• What the task requires: Without its pictures, the listing below is to be transcribed exactly.

━━ Collected material ━━

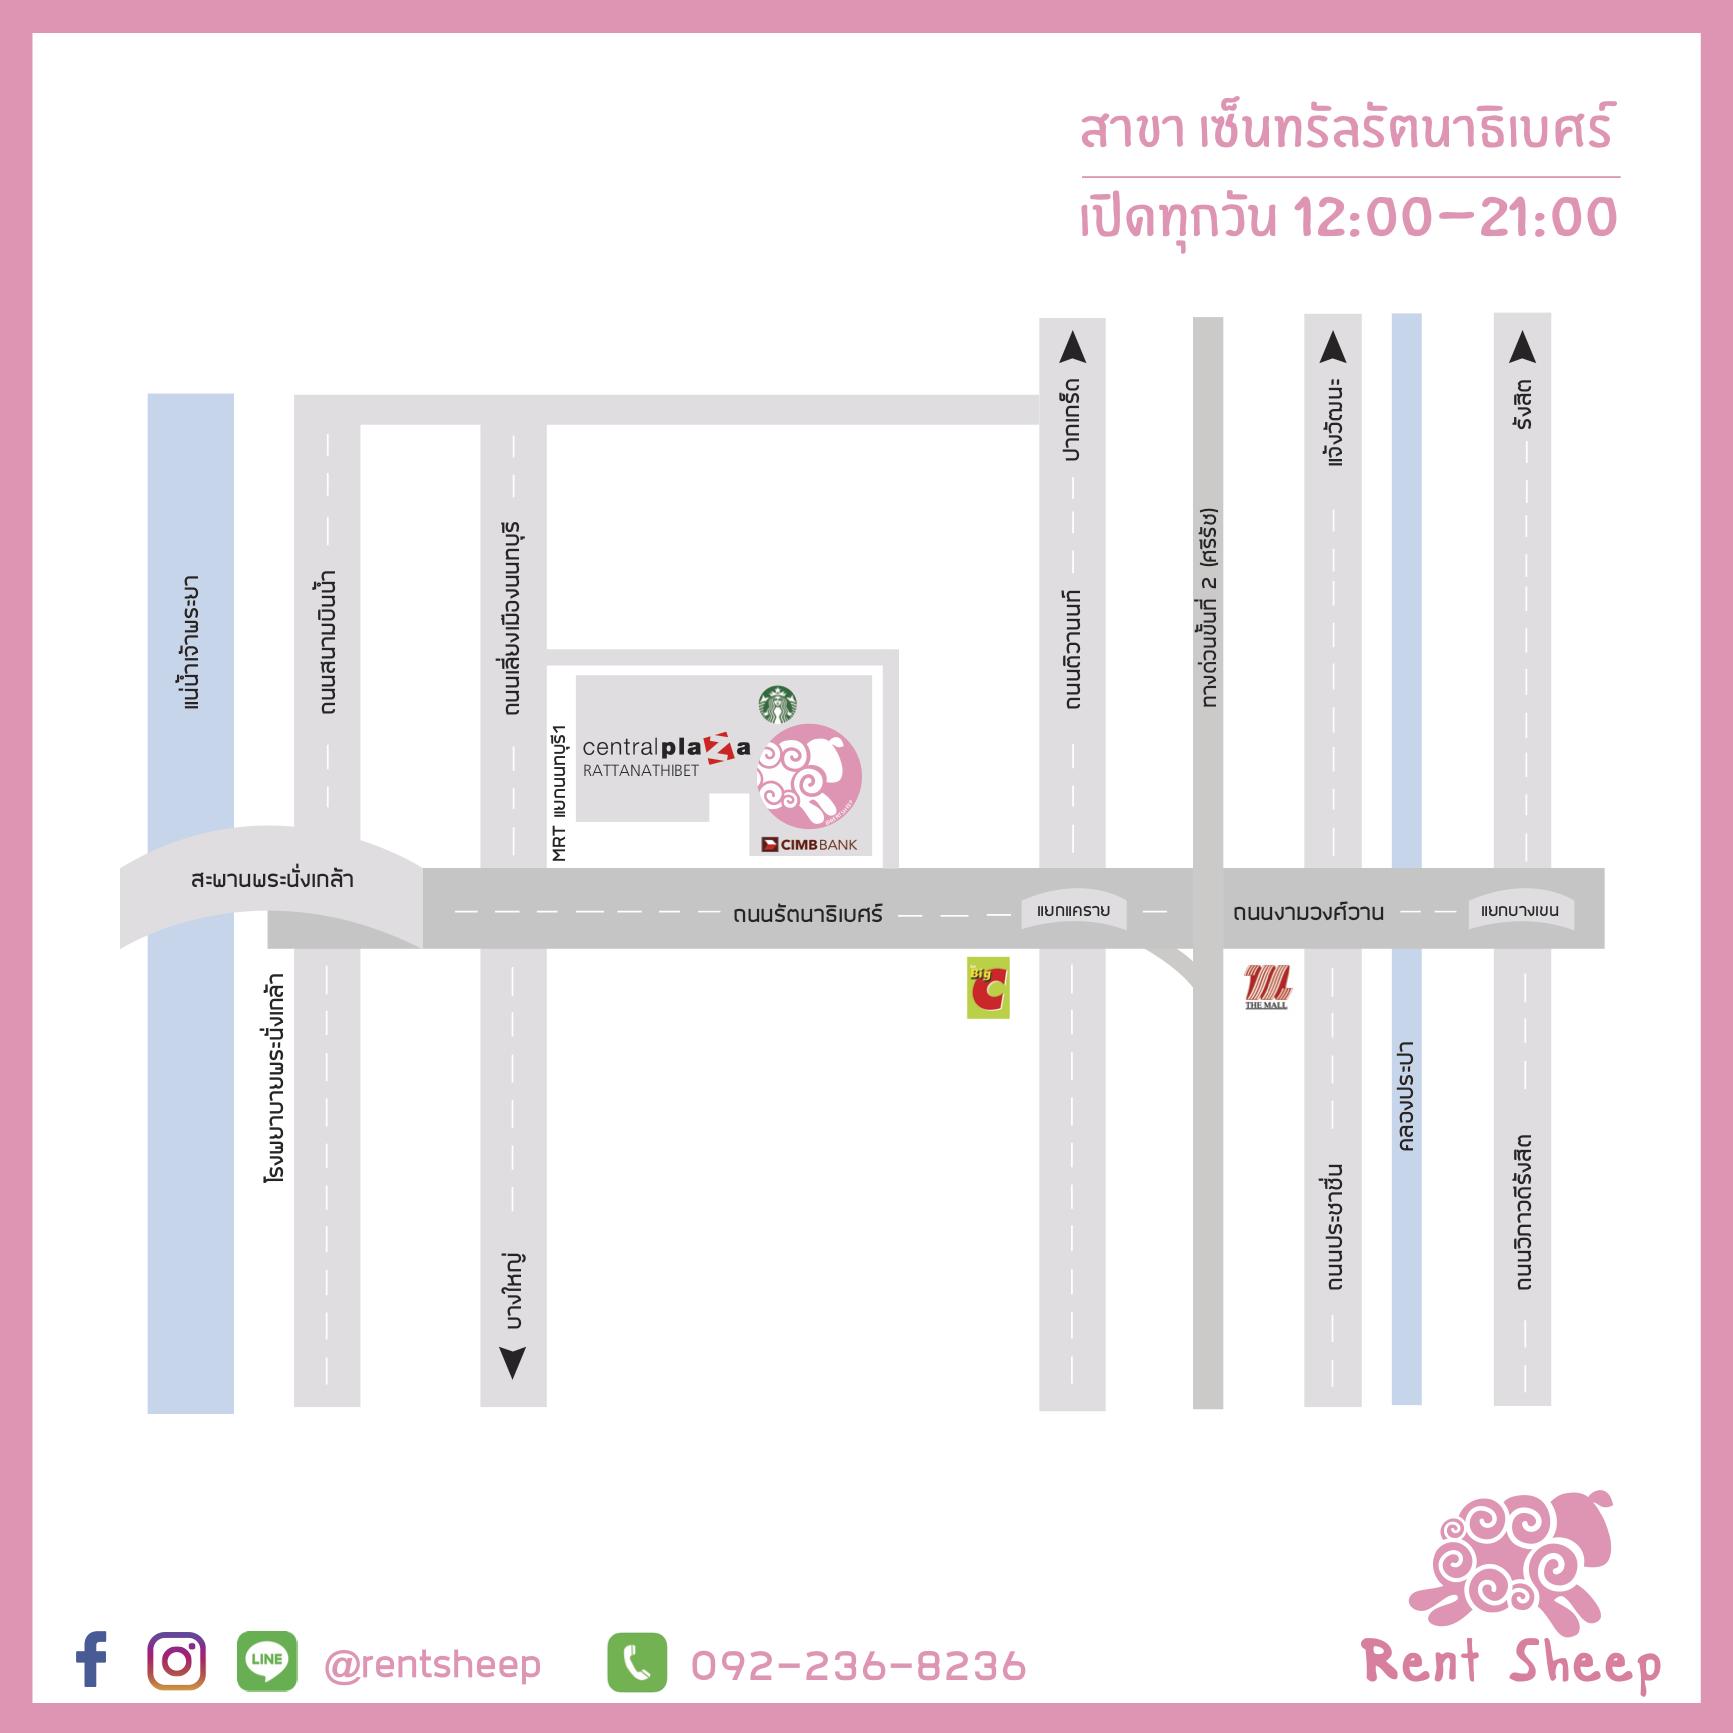 http://map-RAT-นนทบุรี-รัตนาธิเบศร์-rentsheep
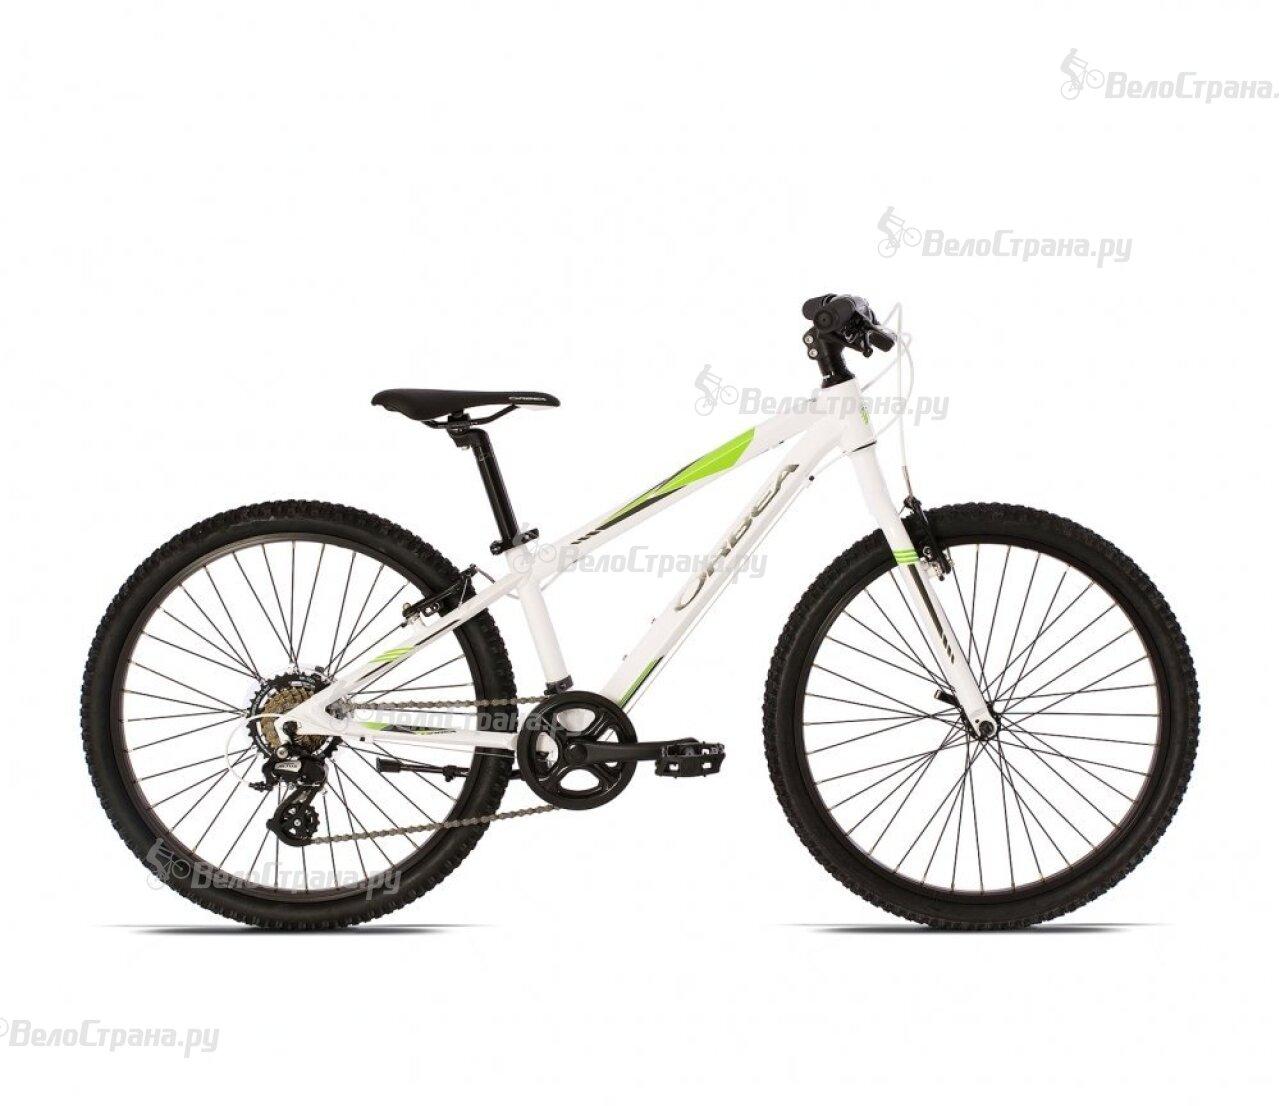 все цены на Велосипед Orbea Mx 24 Dirt (2014) онлайн
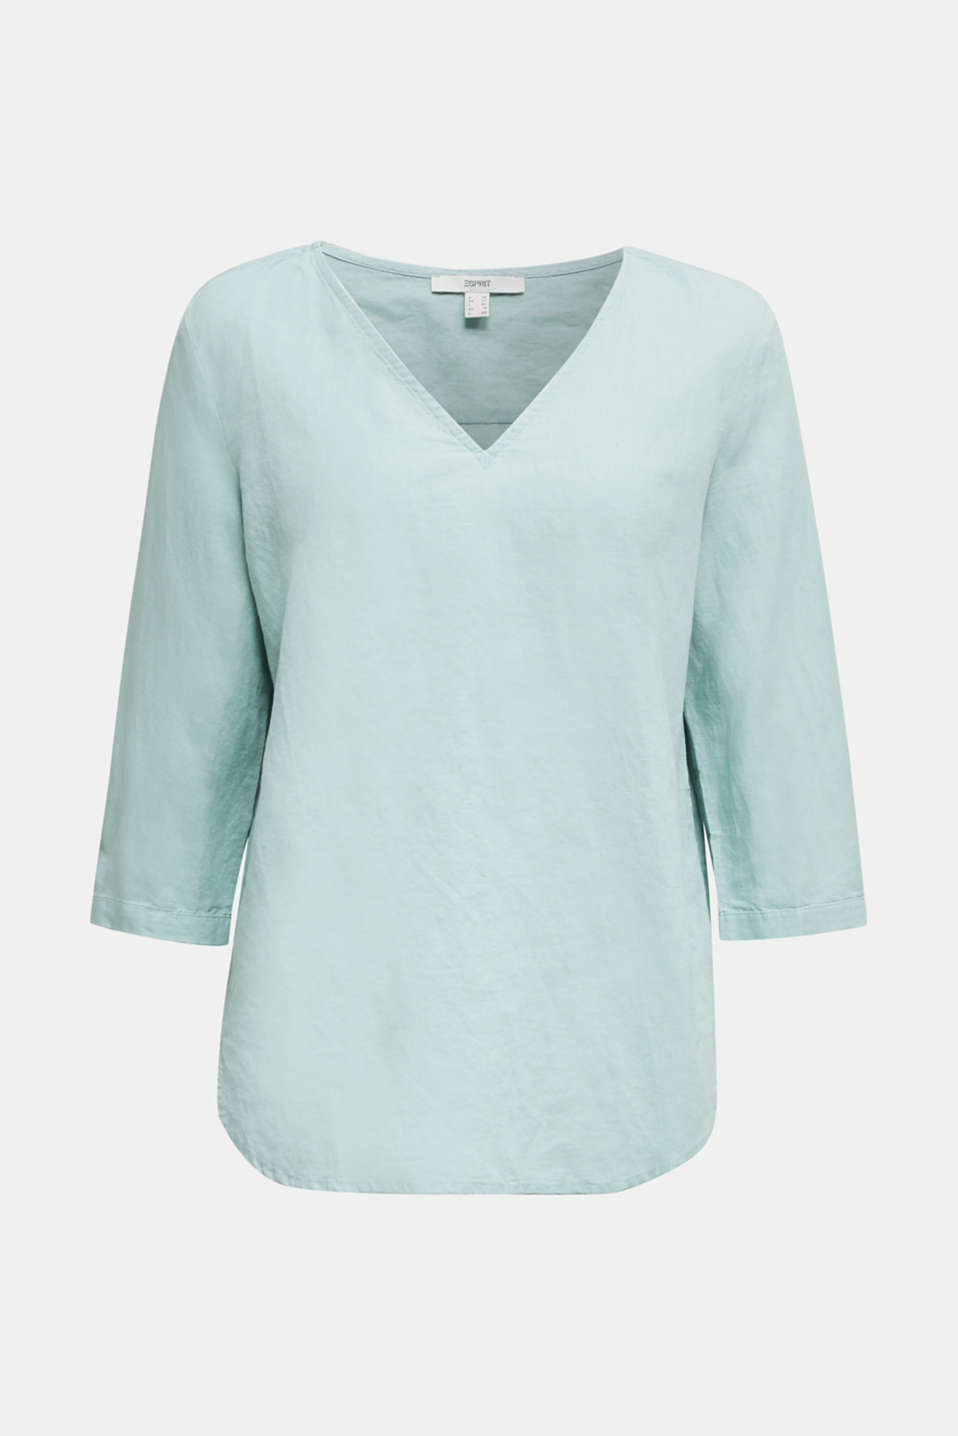 Blended linen blouse with 3/4-length sleeves, LIGHT AQUA GREEN, detail image number 5

━━━

• Expected answer:
 http://map-RAT-นนทบุรี-รัตนาธิเบศร์-rentsheep
 все цены на Велосипед Orbea Mx 24 Dirt (2014) онлайн
 Blended linen blouse with 3/4-length sleeves, LIGHT AQUA GREEN, detail image number 5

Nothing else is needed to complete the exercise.